Ensuite ils recommençaient jusqu’à ce que, fatigués de la ville, ils retournassent aux cimes des arbres, dans l’espoir que le Peuple de la Jungle les remarquerait.

Mowgli, dressé à observer la Loi de la Jungle, n’aimait ni ne comprenait ce genre de vie. Il se faisait tard dans l’après-midi quand les singes, le portant, arrivèrent aux Grottes Froides. Et, au lieu d’aller dormir, comme Mowgli l’aurait fait après un long voyage, ils se prirent par la main et se mirent à danser en chantant leurs plus folles chansons. Un des singes fit un discours et dit à ses compagnons que la capture de Mowgli marquait une nouvelle étape dans l’histoire des Bandar-log, car il allait leur montrer comment on entrelaçait des branches et des roseaux pour s’abriter contre la pluie et le vent. Mowgli cueillit des lianes et entreprit de les tresser ; les singes essayèrent de l’imiter ; mais, au bout de quelques minutes, ils ne s’intéressaient plus à leur besogne et se mirent à tirer les queues de leurs camarades ou à sauter des quatre pattes en toussant.

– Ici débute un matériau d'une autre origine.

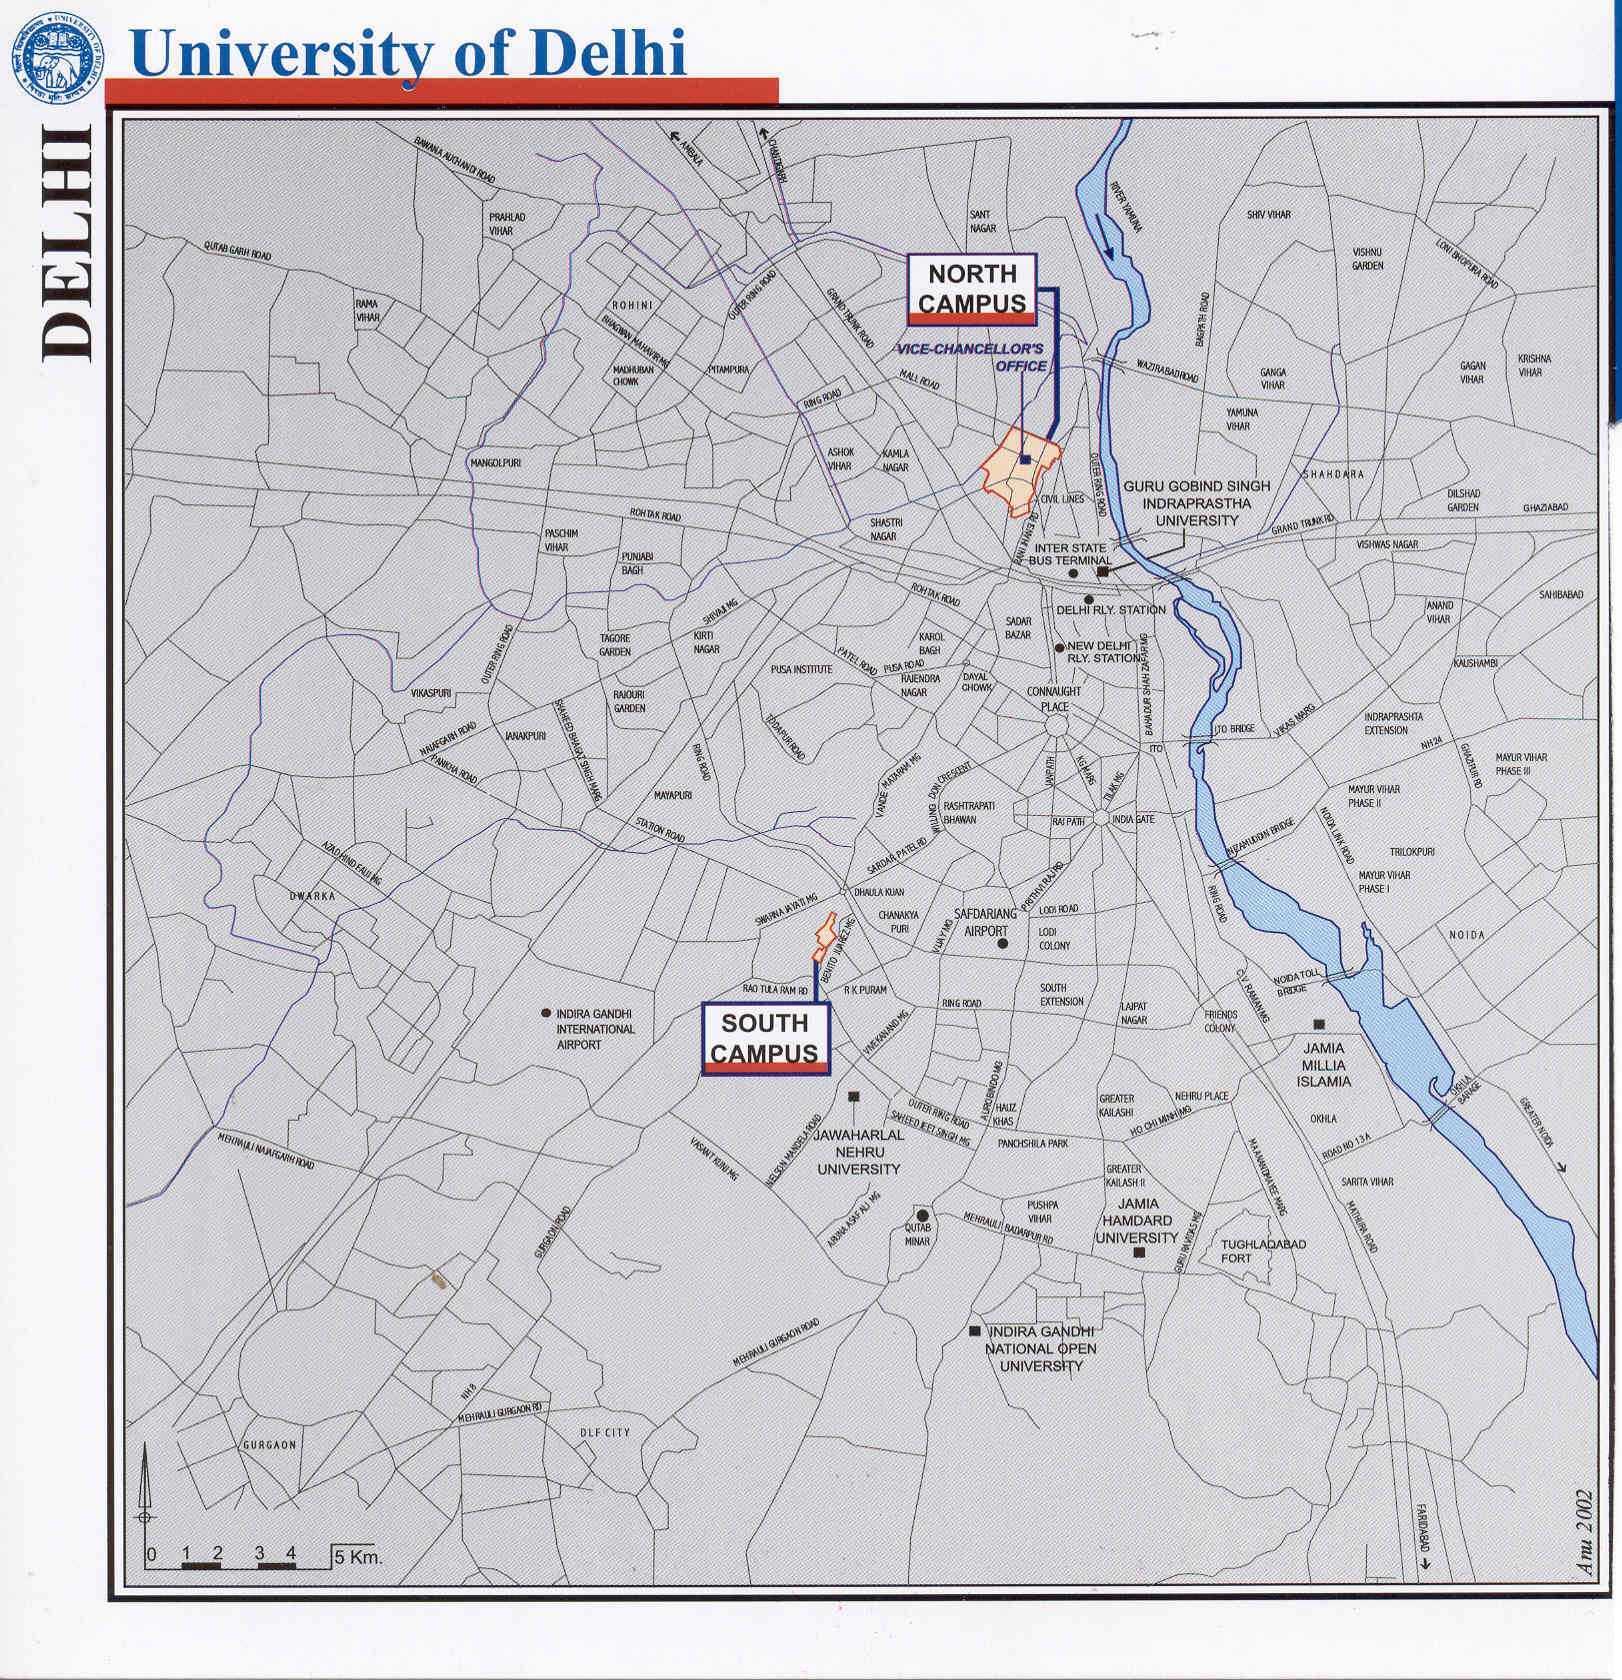 Delhi University North Campus and South Campus location

— Je voudrais manger, dit Mowgli. Je suis un étranger dans cette partie de la jungle. Apportez-moi de la nourriture, ou permettez-moi de chasser ici.

Vingt ou trente singes bondirent au-dehors pour lui rapporter des noix et des pawpaws sauvages ; mais ils commencèrent à se battre en route, et cela leur eût donné trop de peine de revenir avec ce qui restait de fruits. Mowgli, non moins endolori et furieux qu’affamé, vaguait dans la cité vide, lançant de temps à autre le cri de chasse des Étrangers ; mais personne ne lui répondait, et il pensait qu’en vérité c’était un mauvais gîte qu’il avait trouvé là.

— Tout ce qu’a dit Baloo au sujet des Bandar-log est vrai, songeait-il en lui-même. Ils sont sans loi, sans Cri de Chasse, et sans chefs — rien qu’en mots absurdes et en petites mains prestes et pillardes. De sorte que si je meurs de faim ou suis tué en cet endroit, ce sera par ma faute. Mais il faut que j’essaie de retourner dans ma jungle. Baloo me battra sûrement, mais cela vaudra mieux que de faire la chasse à des billevesées en compagnie des Bandar-log.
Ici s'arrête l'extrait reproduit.